1,Thank you very much for your question. We chose ViTPose because it is the latest human posture estimation method proposed in 2022. And on the papers-with-code website (https://paperswithcode.com/sota/pose-estimation-on-coco-test-dev), it is the method with the highest recognition accuracy in human posture estimation task.

2,Thank you very much for your question. We have not evaluated the speed of the algorithm before. But after receiving your suggestion, we test the speed of the model. We test the model of the base version on the COCO val2017 dataset. RefinePose runs at 101 fps. For comparison, the speed of ViTPose under the same configuration is 184 fps. Although the precision of RefinePose is higher than ViTPose, it runs slower. Further optimizing the performance of RefinePose is the direction of our next work. Thank you again for your suggestions.

Author Response File: Author Response.pdf

Reviewer 2 Report

In this paper, the authors describe “RefinePose: Towards More Refined Human Pose Estimation”. It can become an interesting paper for electronics after major revision. Followings are my comments.

(1) To easily realize the implementation details, authors have to explain how many images are produced after data augmentation methods.

(2) And, what kind of pose processing is done with UDP? Authors have to explain it in detail.

(3) In Table 2, the results of RefinePose method are slightly better than ViTPose. However, the results of RefinePose method are significantly better than ViTPose in Figure 6. Authors have to explain this discrepancy in results.

(4) Authors cite many conference papers and reposts. Reviewer suggests that authors cite some important journal papers of human pose estimation.

(5) Style of references is not in agreement with this Journal style, and thus it requires a revision.

Author Response

1, Thank you for your suggestion. The COCO dataset has 118287 images in the train2017 set and 5000 images in the val2017 set. Before sending the images into the model, we carry out data augmentation on the images. These augmentation methods include random flipping, random rotation, scaling, regularization, etc. These data augmentation methods only change the size, rotation angle, or mean value of images, and do not change the number of images. Therefore, the number of the training set and Val set after data augmentation is still 118287 and 5000, respectively. We will explain this point in the revised paper.

2, Thank you for your question. UDP is a commonly used data processing method in human pose estimation, so we haven't explained it too much. After receiving your suggestion, we briefly explained the idea of UDP in the revised paper. The main idea of UDP includes two aspects: one is to use the unit length to measure the size of images instead of the number of pixels during data processing. The other is to introduce an encoding and decoding method without statistical error under ideal conditions. If readers want to know more about the UDP method, we recommend readers to read the original paper. After all, this is not the focus of our article.

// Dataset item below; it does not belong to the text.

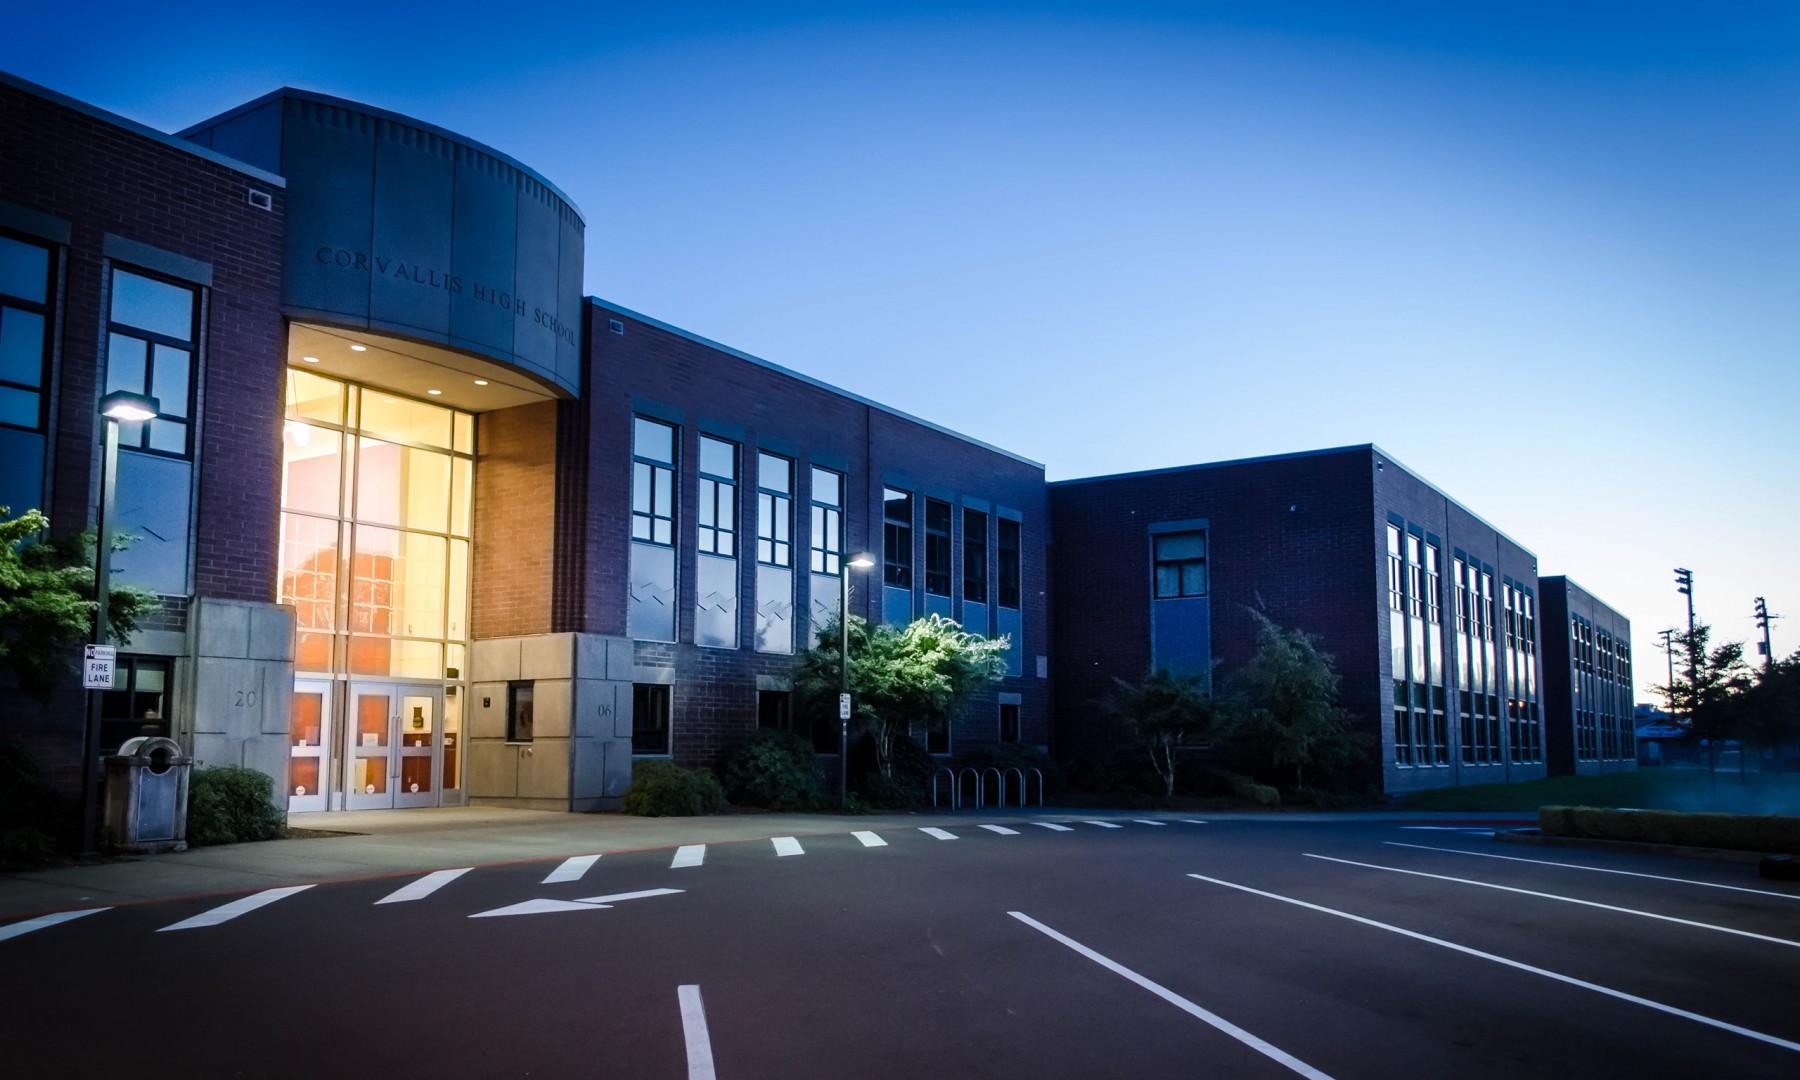 Corvallis High School Robinson Construction Co

3, Thank you for your question. We have the following two answers to your question. (1) The improved RefinePose has better recognition performance than ViTPose, which is beyond doubt. However, as shown in Table 2, the recognition accuracy of RefinePose is slightly higher than the ViTPose, increasing by 0.2 points on the MPII dataset (with ViT-B backbone). This small increase may not be obvious testing on a few images. But when there are enough images to be tested, this small increase in accuracy is obviously shown. The COCO dataset has 118287 images in the train2017 set. It is easy to find 9 images whose effect of RefinePose is better than ViTPose. (2) In Figure 6, we have magnified the local area to more clearly compare the performance difference between RefinePose and ViTPose. However, in the original recognition results, the difference between the two methods may be so small that this difference is not reflected in the algorithm evaluation. Overall, the performance of the two methods is excellent, and the recognition results for most images are very good. But for a few images such as complex movements or occlusions, the advantages of RefinePose are reflected.

4, Thank you very much for your advice. We have added some articles from important journals to our paper.

5, Thank you very much for your suggestion. We have modified the reference style in the paper, according to the official latex template provided by Electronics.

Author Response File: Author Response.pdf

Reviewer 3 Report

-----------------------

Summary

-----------------------

The paper « RefinePose: Towards More Refined Human Pose Estimation » proposes a VIT-based model for human pose estimation, called RefinedPose.

This model relies on the ViTPose and contributes with 3 additions : a novel GradualEmbedding module, a fusion decoder module and shortcuts on the Transformers architecture.

Two experiments show challenging results on COCO and MPII datasets.

-----------------------

Comments

-----------------------

The paper is well written, well organized and easy to understand.

The study context is clearly introduced.

The related works are adequate.

The proposed method is sufficiently described nevertheless the main inspirations should be more precisely argued.

These two sentences should be discussed :

"Inspired by Odena et al. [6], we design a new decoding method, termed Fusion Decoder."

"inspired by ResNet [23], we divide each four transformer modules into a group and add shortcuts to each group"

About shortcuts, only one way to build shortcuts is presented.

So no comparative studies are shown.

The transformer modules could be divided in different fashions, so what could be the performance impacts ?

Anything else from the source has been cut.